Researchers solve Century-Old Evolutionary Riddle

Two evolutionary biologists when met for the first time four-and-half years ago, they decided to carry out an experiment to solve a century-old evolutionary riddle, and now it seems that the duo have an answer to it.

The duo was looking for a gene that helped make each species look unique and separate from each other. At their first meeting, Phadnis, who now leads a research team at the University of Utah, sketched out the experiment’s parameters and planned to mutate one of the fly species, thus allowing males to be born.

For this they needed to find seven male flies to identify the mystery gene’s identity.
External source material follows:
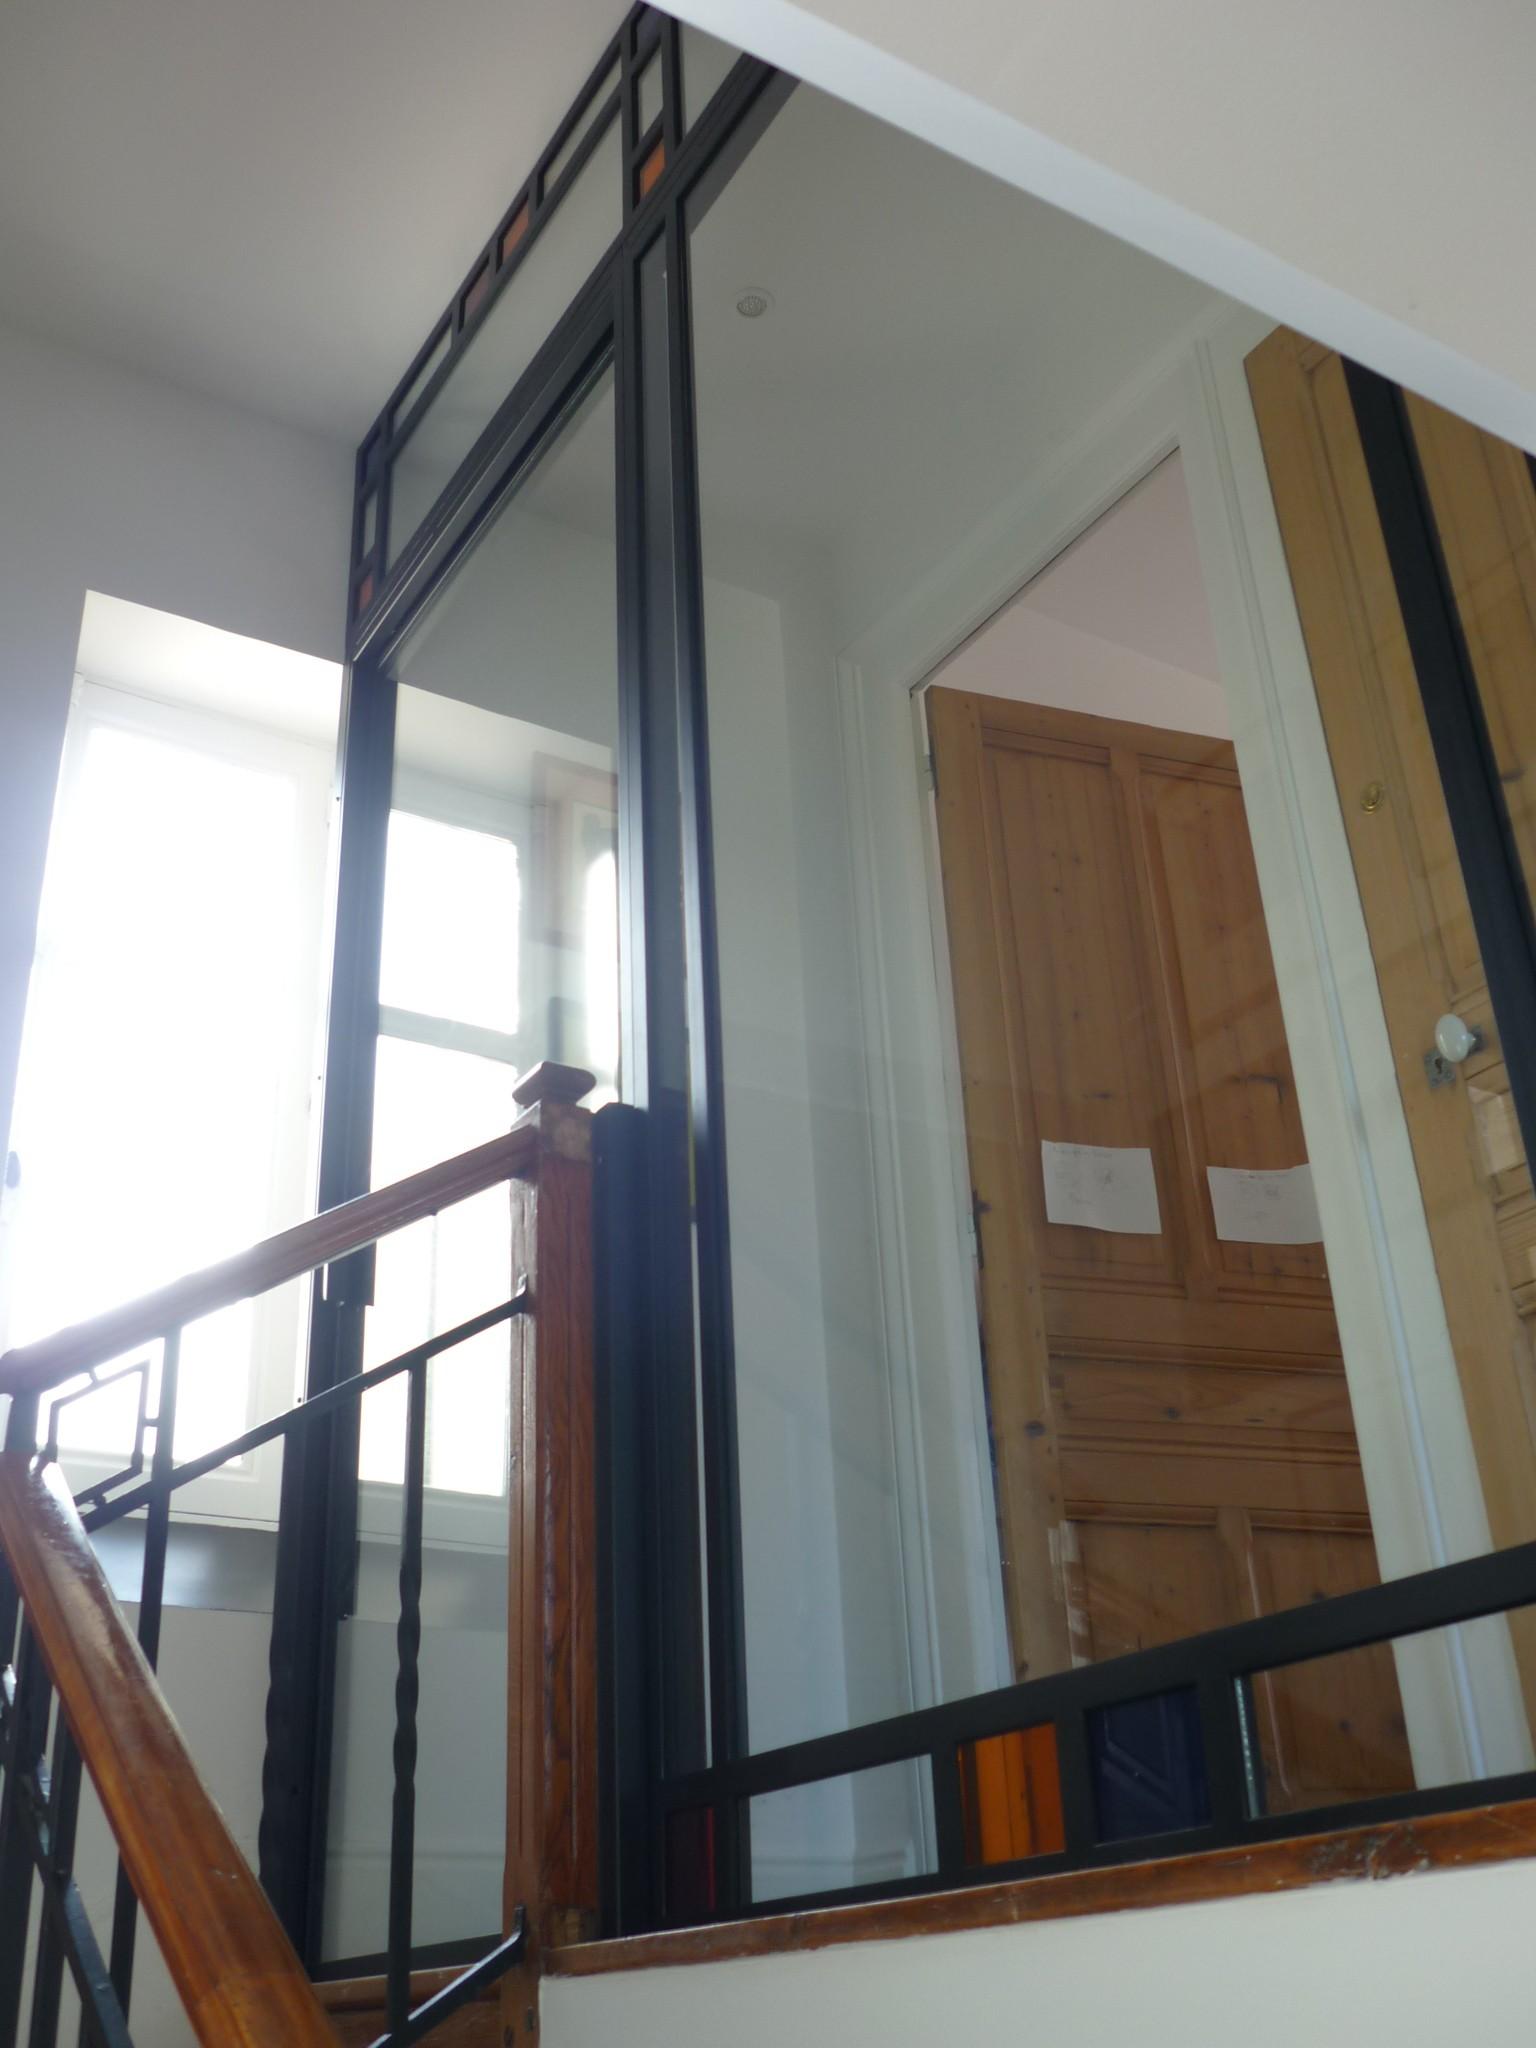 verri re art d co 69 your steel. Black Bedroom Furniture Sets. Home Design Ideas

The scientists called the elusive sons as the Seven Samurai.

About six months later they found zero samurai flies, and about a year later they found that the team has mated around 55,000 mother and mutant father pairs, sifted through 330,000 daughter flies and found six precious sons.

“We were joking at that point that the six [insect] males we had in the freezer were more valuable than Nitin’s and my cars, given the amount of effort and time that had gone into it”, Malik said.

They said they never found that seventh samurai, but along with geneticists Drs. Jacob Kitzman, of the University of Michigan, and Jay Shendure, of the University of Washington, Phadnis came to know that all six males had mutations in the same, single gene.

Malik said this was the answer they were looking for. The garbled-looking acronym gfzf, the gene is normally important for regulating the cell cycle, where each cell divides into two, he said.